Badan Siber dan Sandi Negara menduga bahwa data Komisi Pemilihan Umum (KPU) yang dilaporkan bocor merupakan data lama. Pelaku kemungkinan membuatnya seakan-akan data tersebut baru didapatkan.
“Kalau dugaan kami sementara ini data lama yang diconcat dengan beberapa hal baru. Misalnya nama, nama orang dari lahir sampai meninggal enggak berubah. Data-data itu digunakan si penyerang seakan baru dan fresh baru didapatkan,” kata Ketua Tim Insiden Siber Sektor Keuangan, Badan Siber dan Sandi Negara (BSSN), Sandromedo Christa Nugroho, di Jakarta, Kamis (30/11/2023).
Data-data seperti NIK, tanggal lahir, dan lainnya kemungkinan sudah disimpan pelaku dari serangan siber yang terjadi sebelumnya. Bukan hanya berasal dari serangan ke KPU, namun kemungkinan dari lembaga atau pihak lain.
Berikutnya data tersebut akhirnya digabungkan menjadi satu dan dibuat seakan baru. Pelaku akan membuatnya seolah-olah seperti data KPU.
“Data itu bukan hanya dari serangan, tapi bisa beli dari darkweb. Data kita sebenarnya sudah diperjualbelikan dari darkweb,” ungkapnya.
Dugaan lain data yang dipegang akun Jimbo mirip datasetnya dengan milik KPU. Dia menjelaskan ini bisa berasal dari saat ini tengah dilakukan digital forensik di platform KPU. Diharapkan tidak ada ditemukan anomali serangan baru.
Soal apakah laporan serangan beberapa hari lalu benar terjadi, dia hanya mengatakan masih dilakukan penyelidikan. “Dibilang ada atau enggak masih dalam proses,” ungkapnya.
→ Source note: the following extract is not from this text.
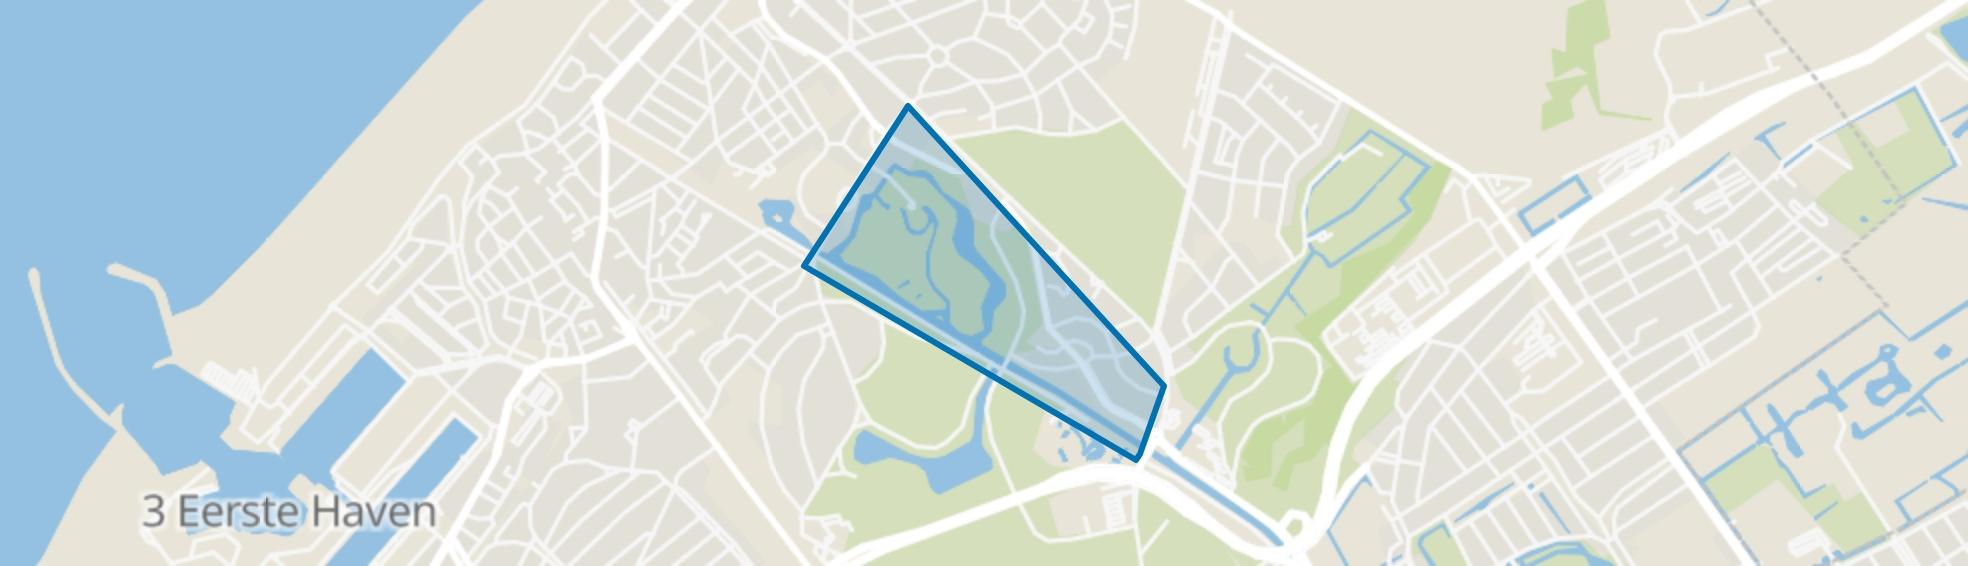 Westbroekpark, Den Haag map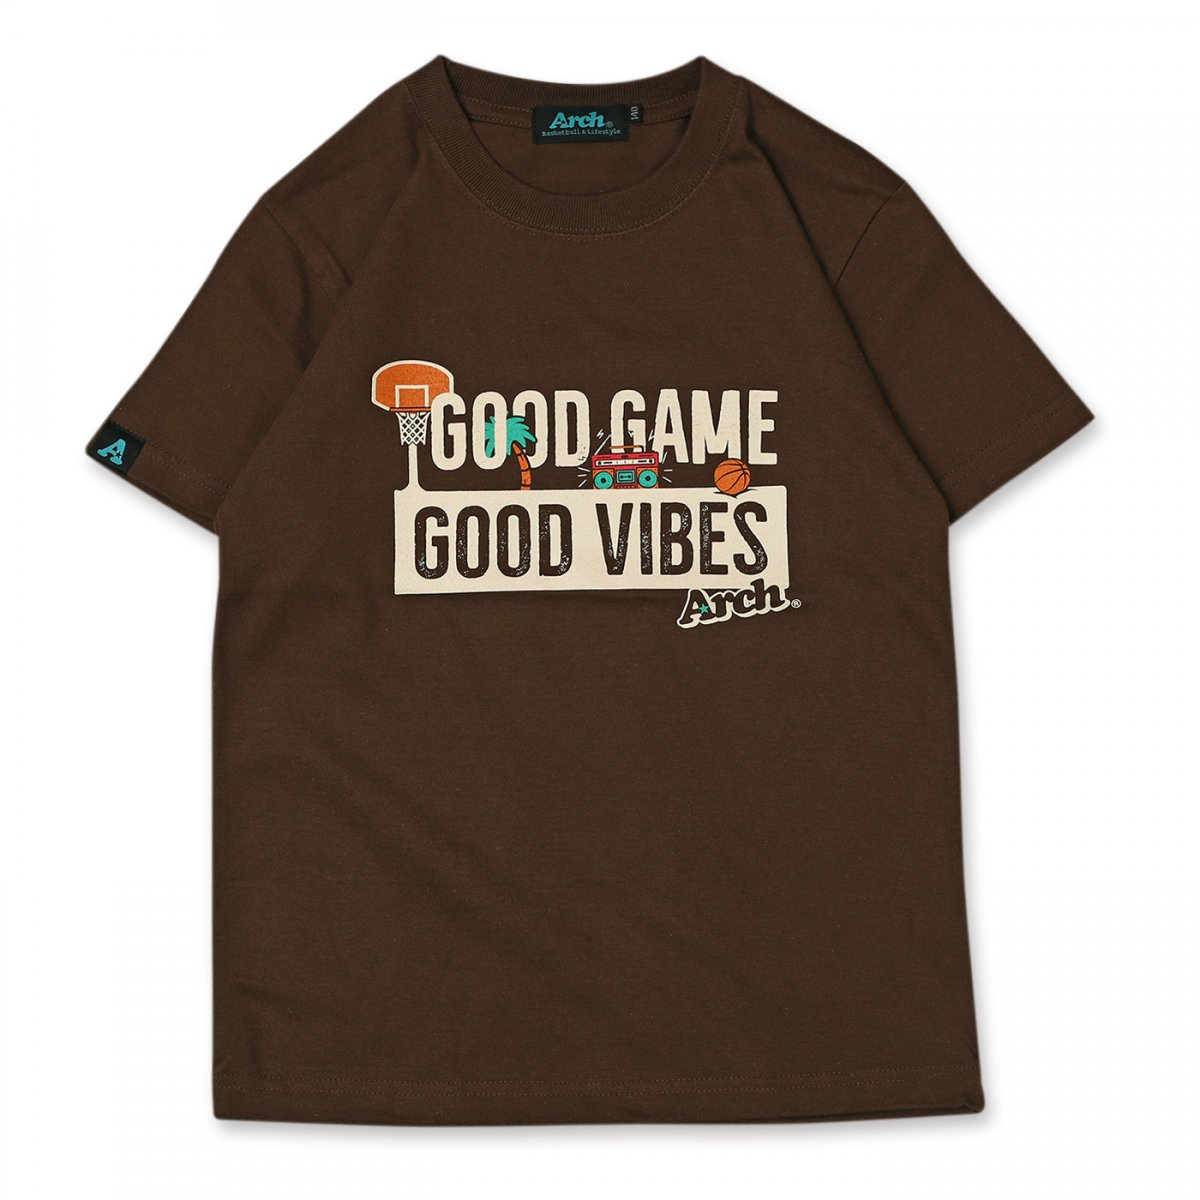 グッドゲーム Tシャツ キッズ ブラウン

Sebelumnya dilaporkan ratusan juta data KPU bocor. Akun bernama Jimbo di Breachforum menjual data itu senilai US$74 ribu atau sekitar Rp 1,2 miliar.
Selain menjual, Jimbo juga membagikan 500 data contoh. Selain itu juga mengunggah beberapa tangkapan layar dari website Cek DPT online milik KPU sebagai verifikasi data.